◆ **Requirement**
Go to the line with "Large Picture of" in the material below and copy from there through the line with "Опухла мочка уха и болит", exactly. Pictures are not copied.

◆ **Given information**
===============

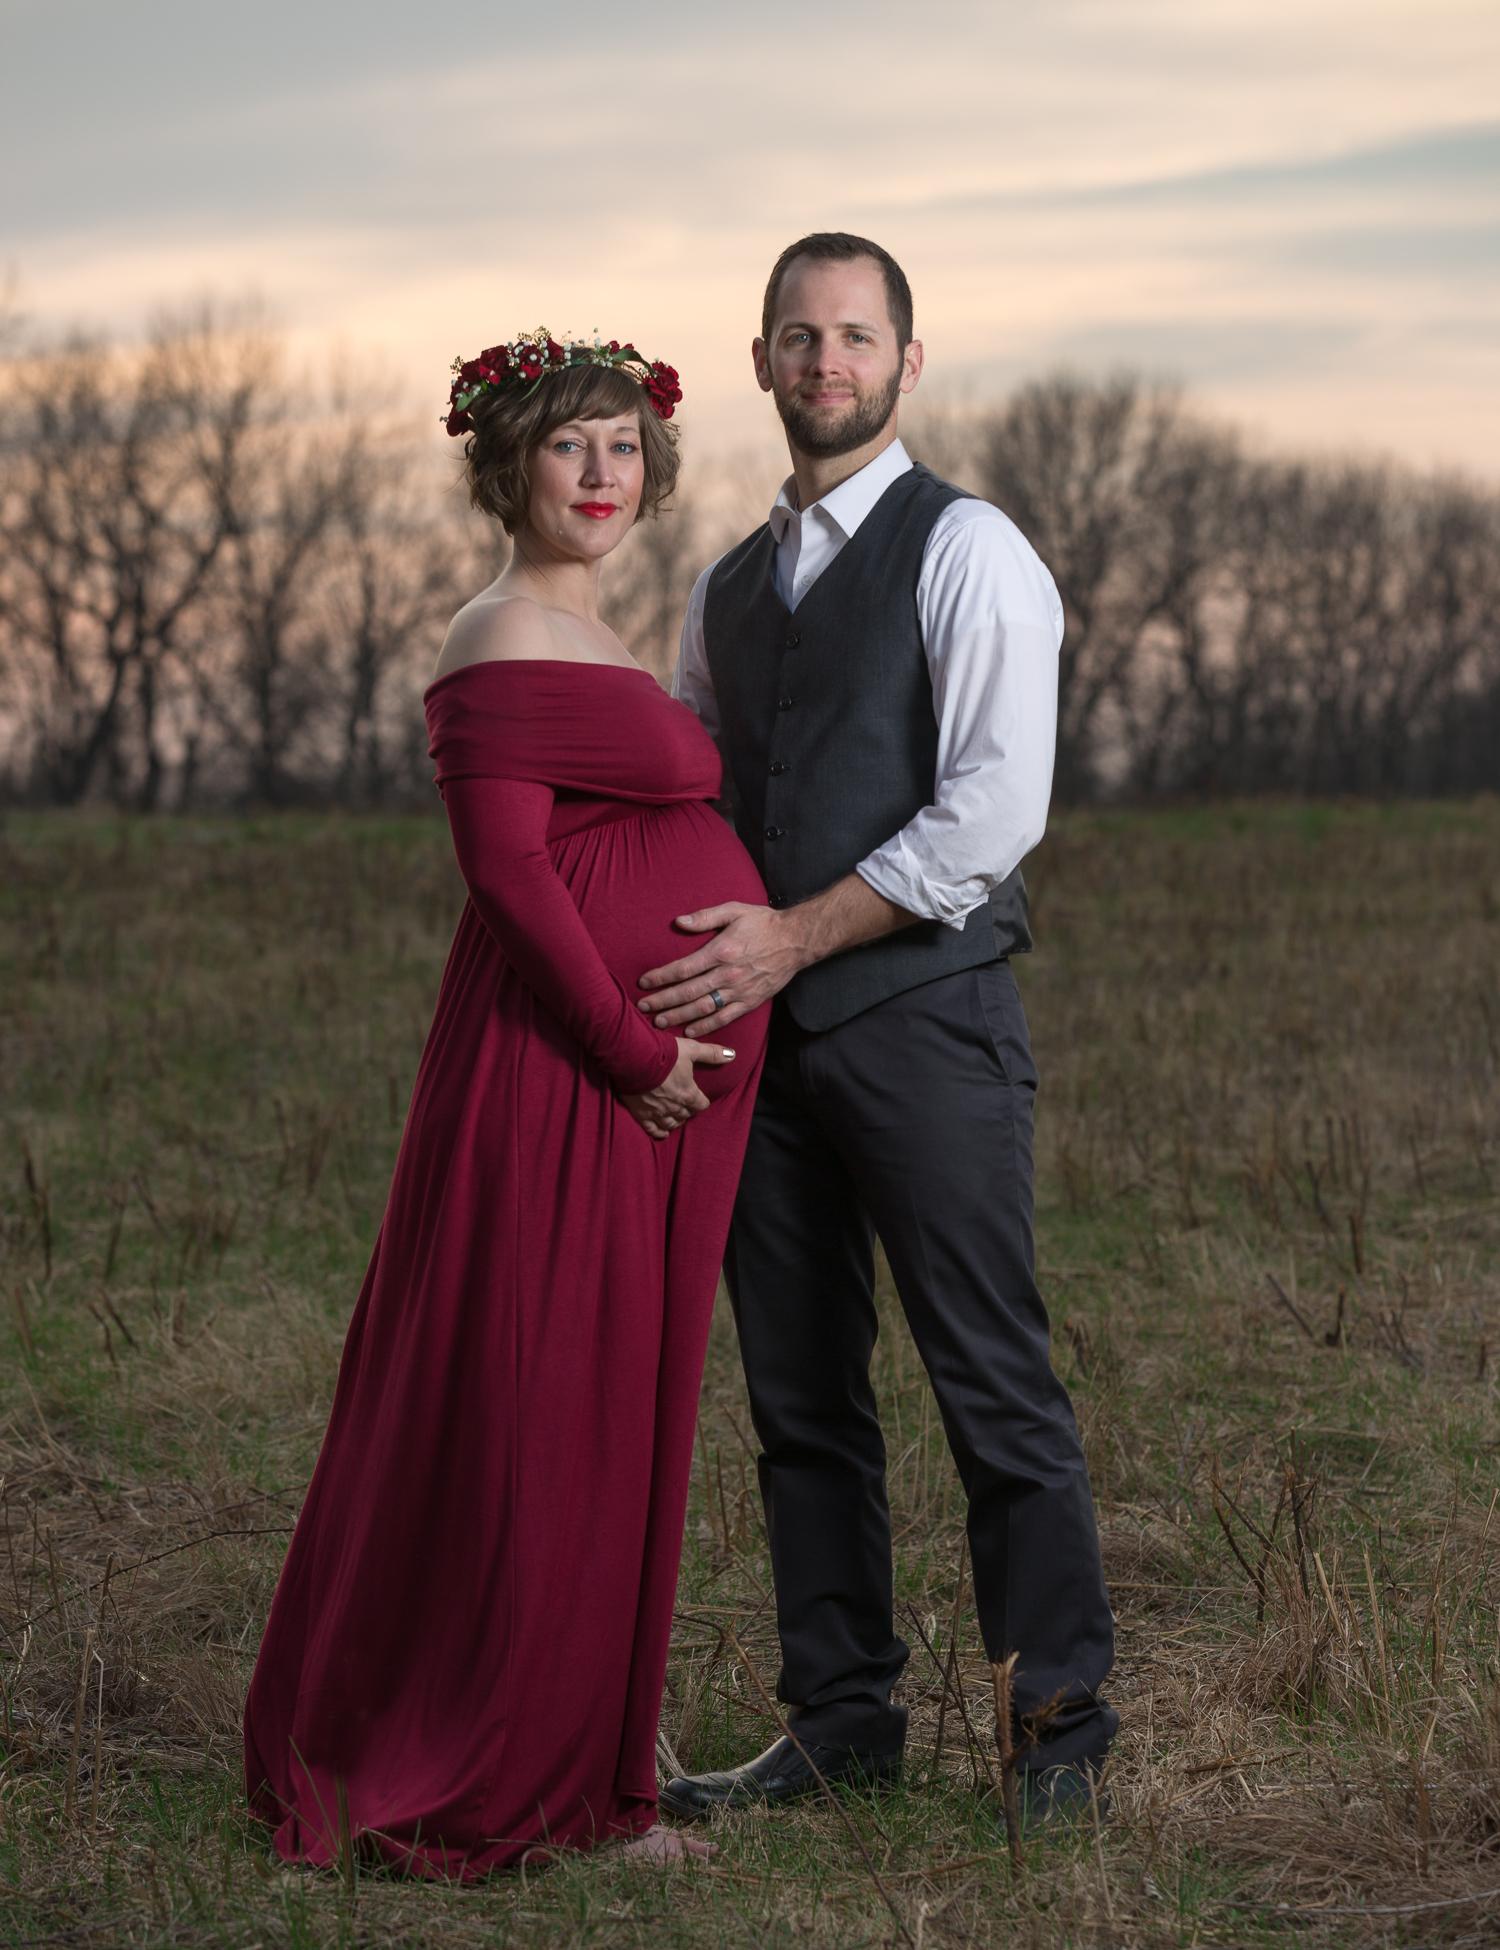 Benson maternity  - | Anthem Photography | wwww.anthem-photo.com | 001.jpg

===============

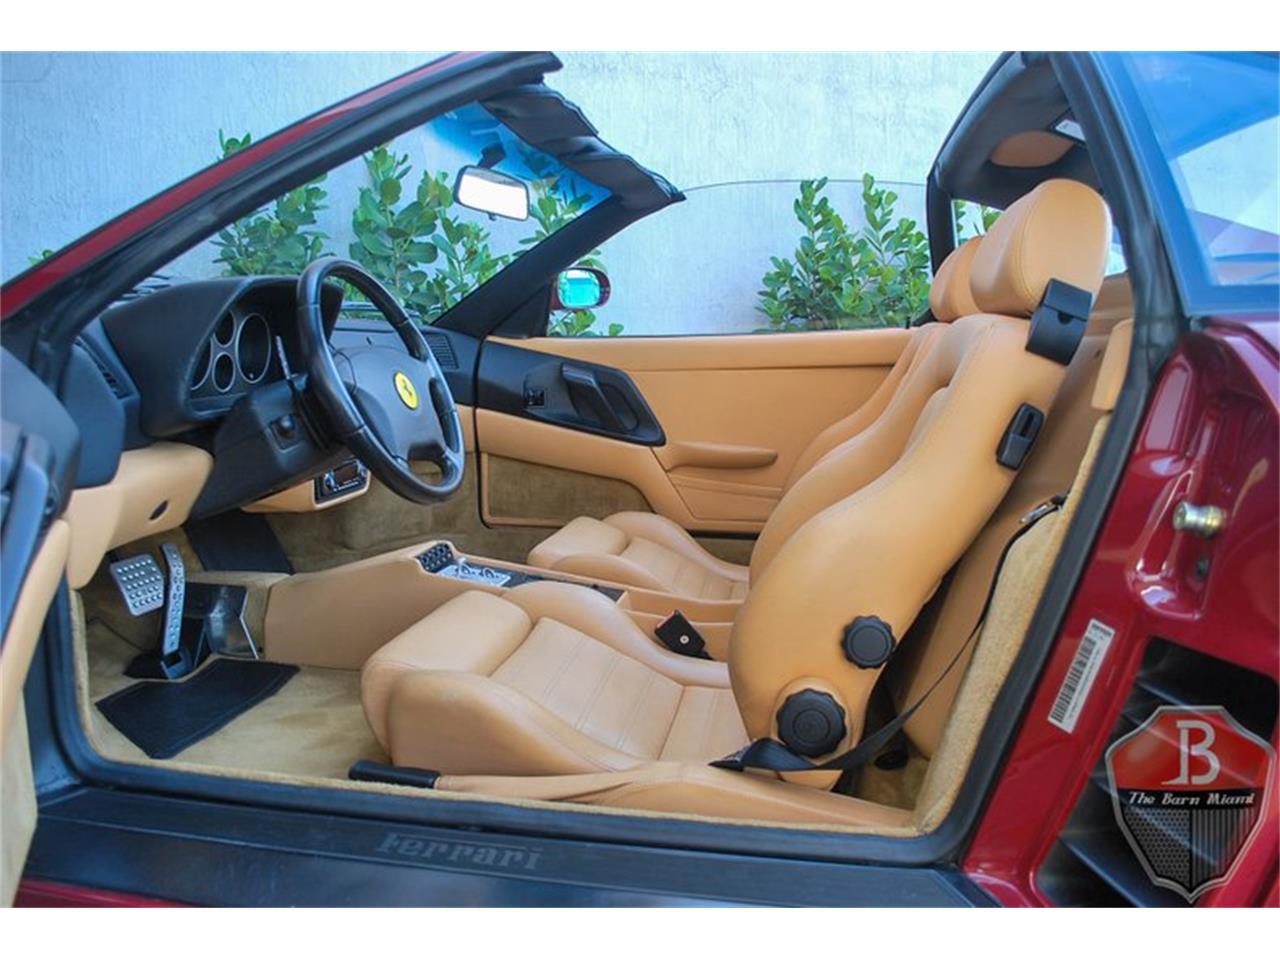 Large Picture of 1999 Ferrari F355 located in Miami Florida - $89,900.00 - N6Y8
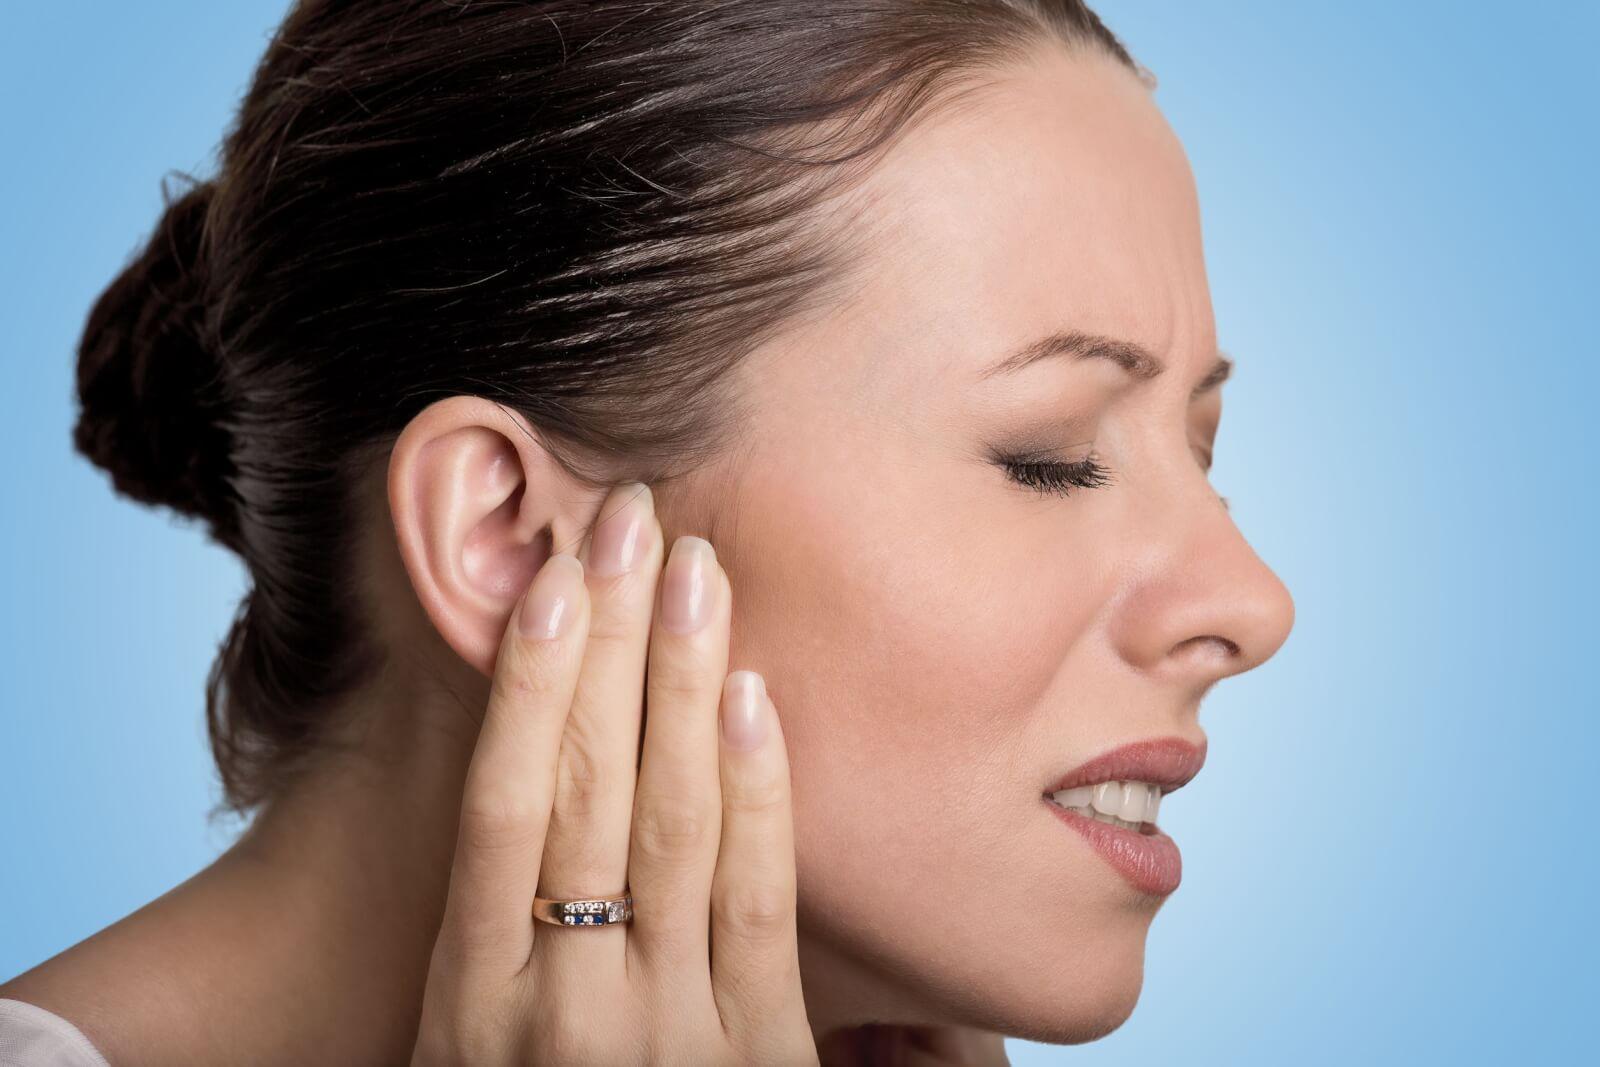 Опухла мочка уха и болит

===============

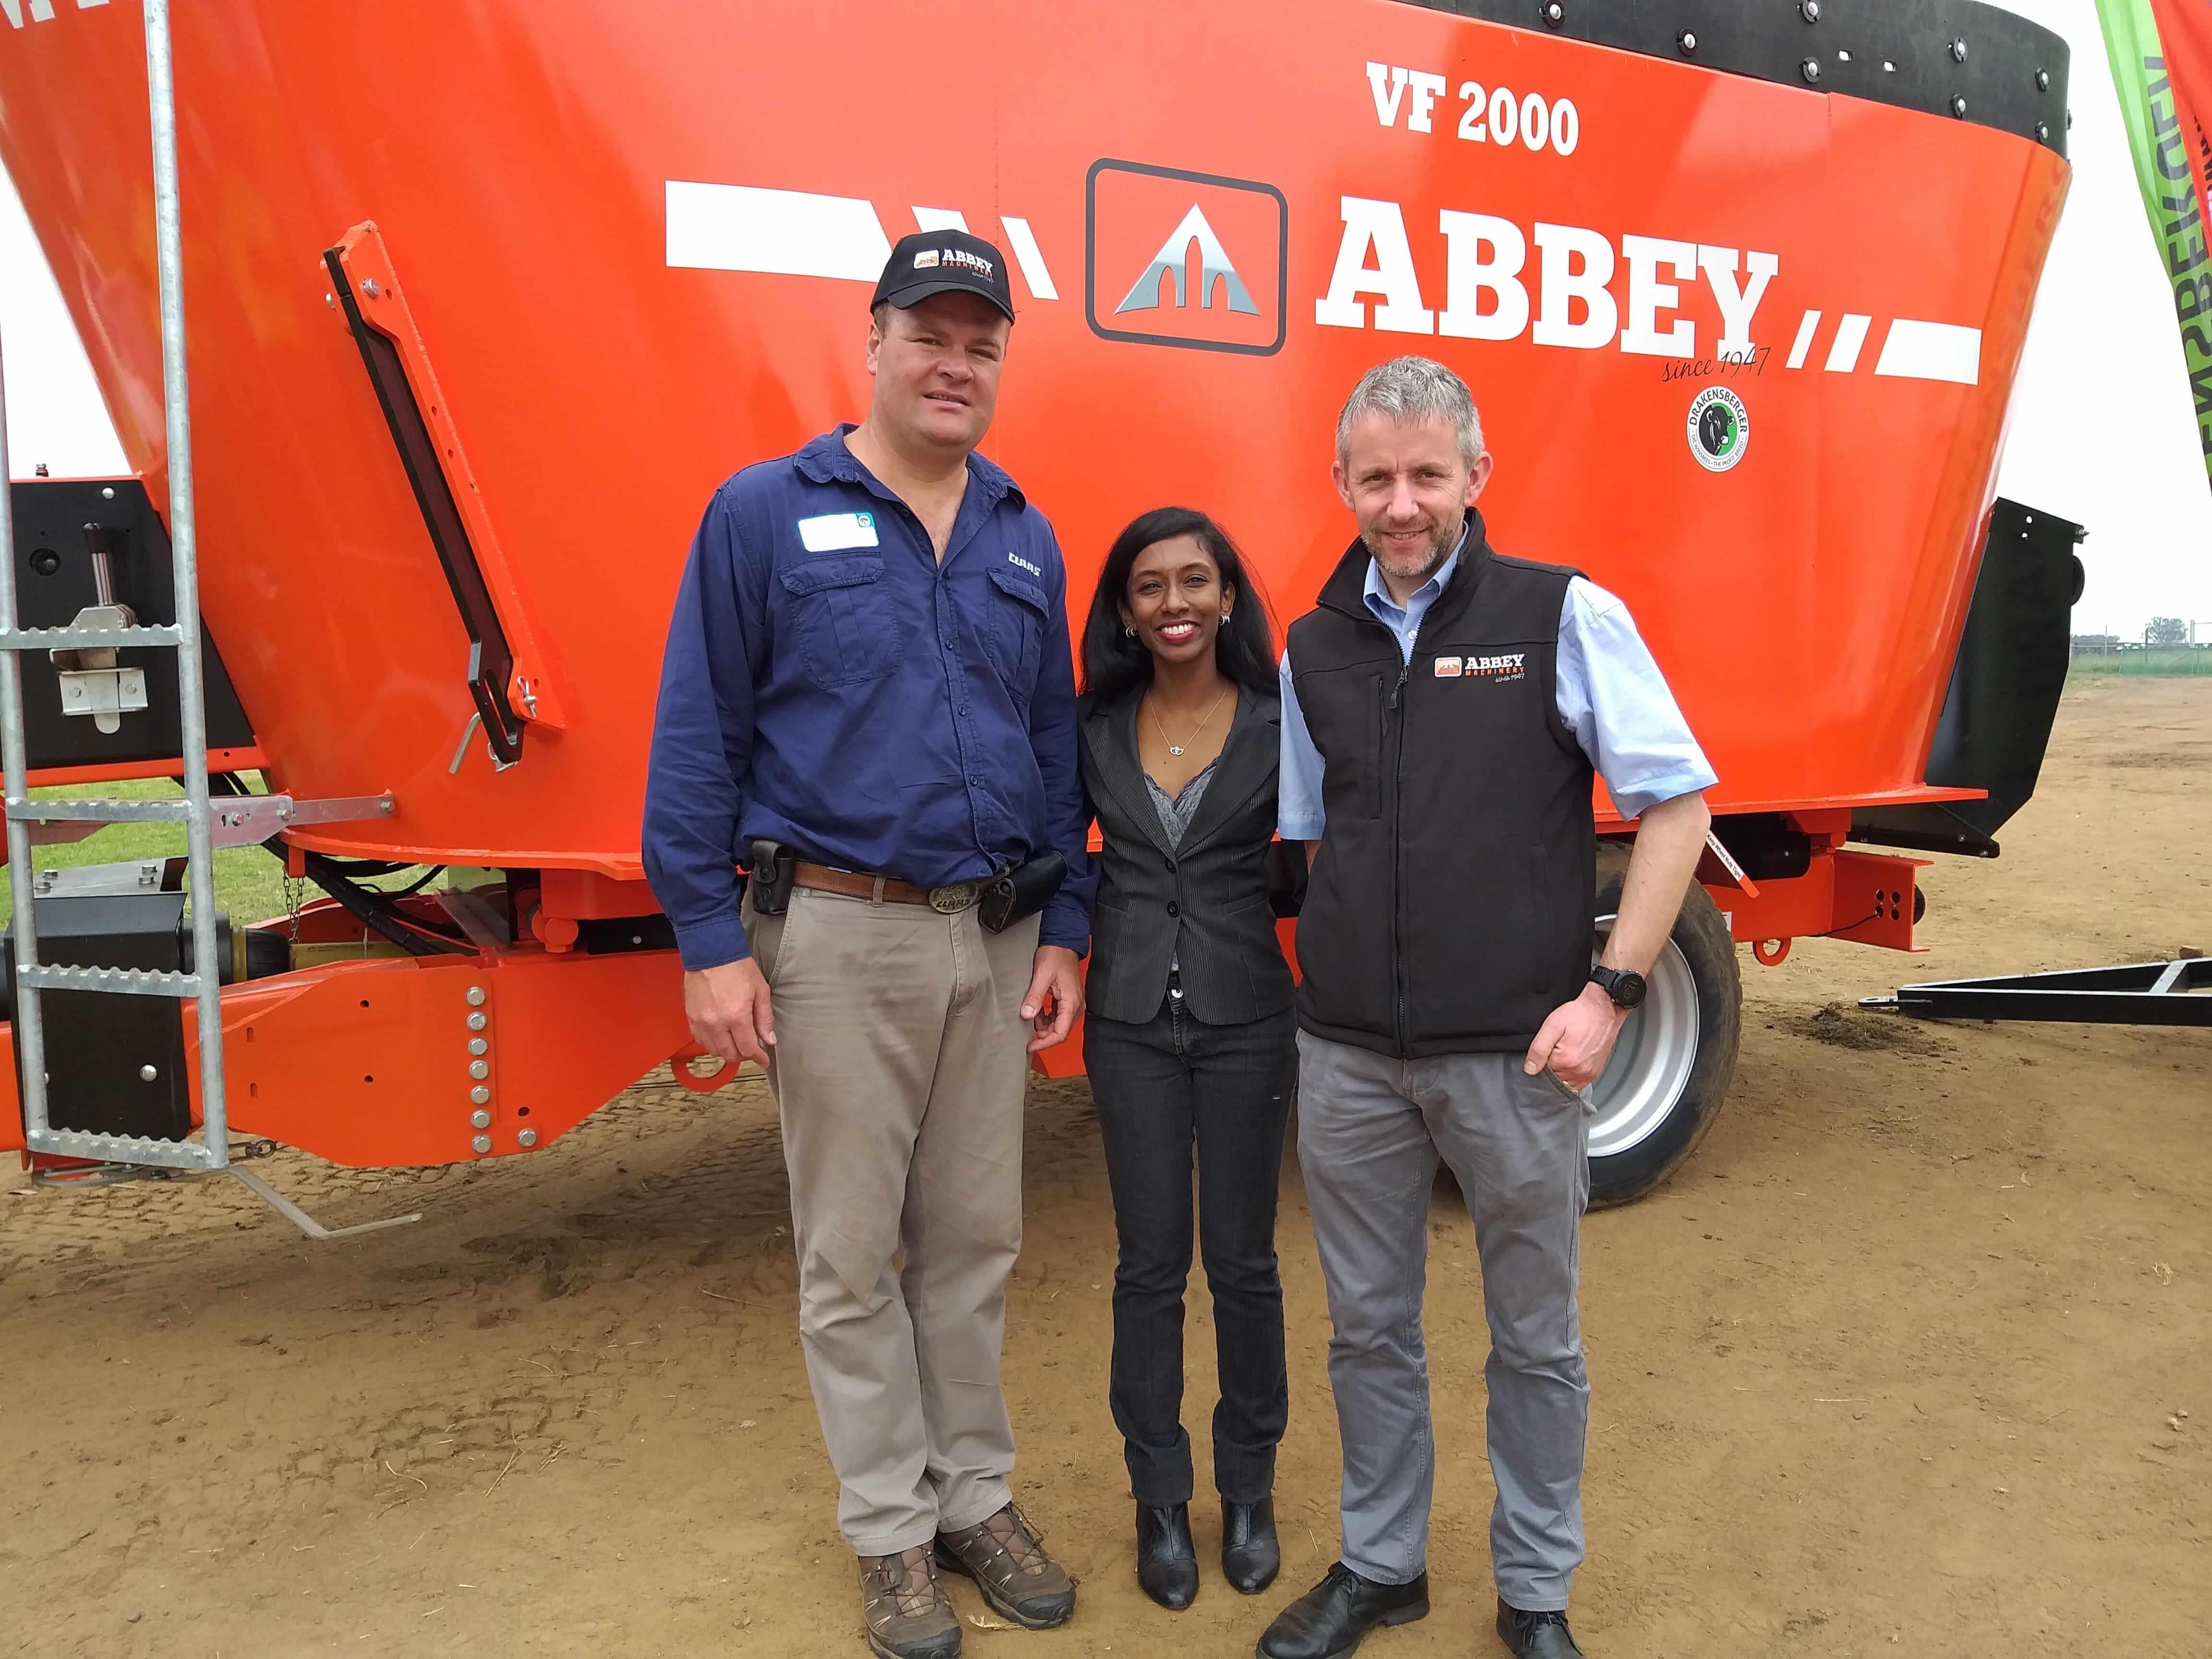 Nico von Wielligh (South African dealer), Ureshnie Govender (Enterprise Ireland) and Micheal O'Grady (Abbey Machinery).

===============

◆ **Written answer**
 Large Picture of 1999 Ferrari F355 located in Miami Florida - $89,900.00 - N6Y8
 Опухла мочка уха и болит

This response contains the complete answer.